Kalimat tersebut bukan sekadar ungkapan putus asa, tapi potret kejujuran dari banyak rakyat kecil yang merasa terpinggirkan dari proses politik. Dalam demokrasi lokal, terutama menjelang pemilihan kepala daerah (Pilkada), kalimat semacam itu makin sering terdengar menunjukkan jurang yang lebar antara elite politik dan rakyat sehari-hari.

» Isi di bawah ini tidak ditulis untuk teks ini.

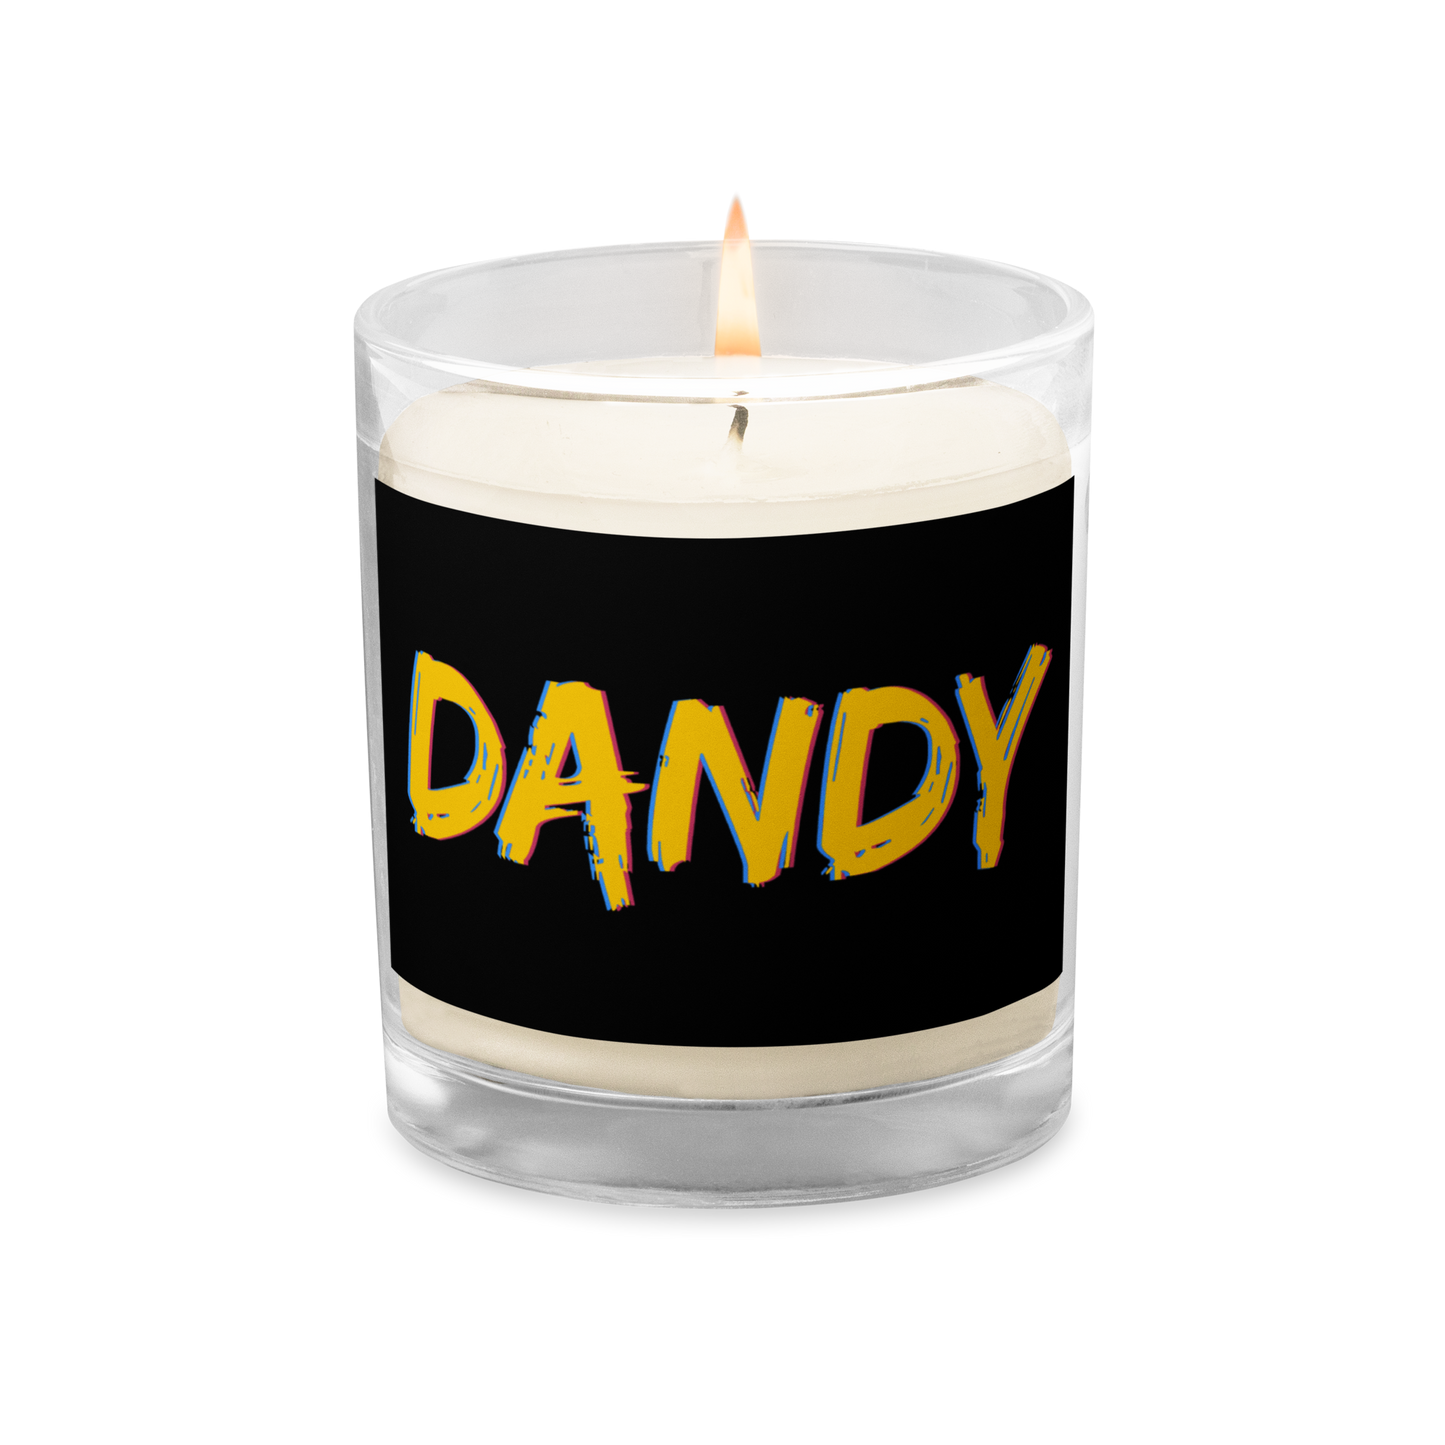 Dandy Glass jar soy wax candle

Di tengah gemuruh baliho, spanduk, dan safari politik para calon kepala daerah, sebagian warga memilih diam. Mereka tidak datang ke forum diskusi, tak tertarik pada janji-janji manis, dan enggan terlibat dalam obrolan seputar visi-misi. Bagi mereka, pemilu adalah ritus rutin yang jarang menyentuh kenyataan hidup sehari-hari.
Namun, apakah sikap apatis ini sepenuhnya keliru?
Sebagian rakyat merasa kecewa karena politik lokal kerap diwarnai dengan “budaya sowan saat butuh suara”, lalu melupakan rakyat setelah menang. Siklus ini membuat banyak orang kehilangan kepercayaan. Pemimpin datang membawa janji, lalu pergi membawa kepentingan.
Meski demikian, menilai seluruh proses secara hitam-putih tentu tidak adil. Di balik segala keluh-kesah, sebenarnya ada dinamika yang layak untuk dilihat lebih jernih. Kehadiran para calon ke masyarakat, meskipun sering dibingkai secara elektoral, tetap memiliki nilai positif. Ia membuka ruang perjumpaan, pertukaran gagasan, bahkan potensi kolaborasi.
Sebagian warga mulai memahami bahwa dalam realitas politik hari ini, “mencari panggung” adalah hal yang lazim. Tidak ada yang salah dengan memperkenalkan diri, membangun jejaring, atau menyusun strategi kampanye. Justru dari proses itulah rakyat dapat menilai mana calon yang hanya menjual pencitraan, dan mana yang benar-benar peduli dan berkomitmen.
Artinya, keterlibatan warga dalam proses politik tidak selalu harus melalui dukungan mutlak atau fanatisme. Bisa juga melalui sikap kritis dan aktif mengamati, mengajukan pertanyaan, dan menagih janji meskipun dari posisi yang sederhana.
Kekuasaan seharusnya bukan sekadar alat untuk mencapai jabatan, tapi instrumen untuk mengawal idealisme
Dalam konteks ini, rakyat tidak boleh berhenti peduli. Karena apapun hasil Pilkada nanti, dampaknya akan kembali ke kehidupan mereka dari harga bahan pokok, layanan kesehatan, hingga kebijakan tenaga kerja. Ketika rakyat abai, ruang itu akan diisi oleh kepentingan yang tidak berpihak.
Maka, meskipun hari-hari kita dihabiskan sebagai buruh, petani, pedagang, atau mahasiswa, suara kita tetap berharga. Kita tidak perlu menjadi politisi untuk berpolitik. Cukup dengan tetap peduli, kritis, dan tidak menyerahkan harapan begitu saja kepada sistem yang kita tahu masih cacat.
Karena politik yang baik hanya mungkin lahir dari rakyat yang tidak menyerah pada apatisme, dan pemimpin yang tidak mengorbankan idealisme demi kekuasaan.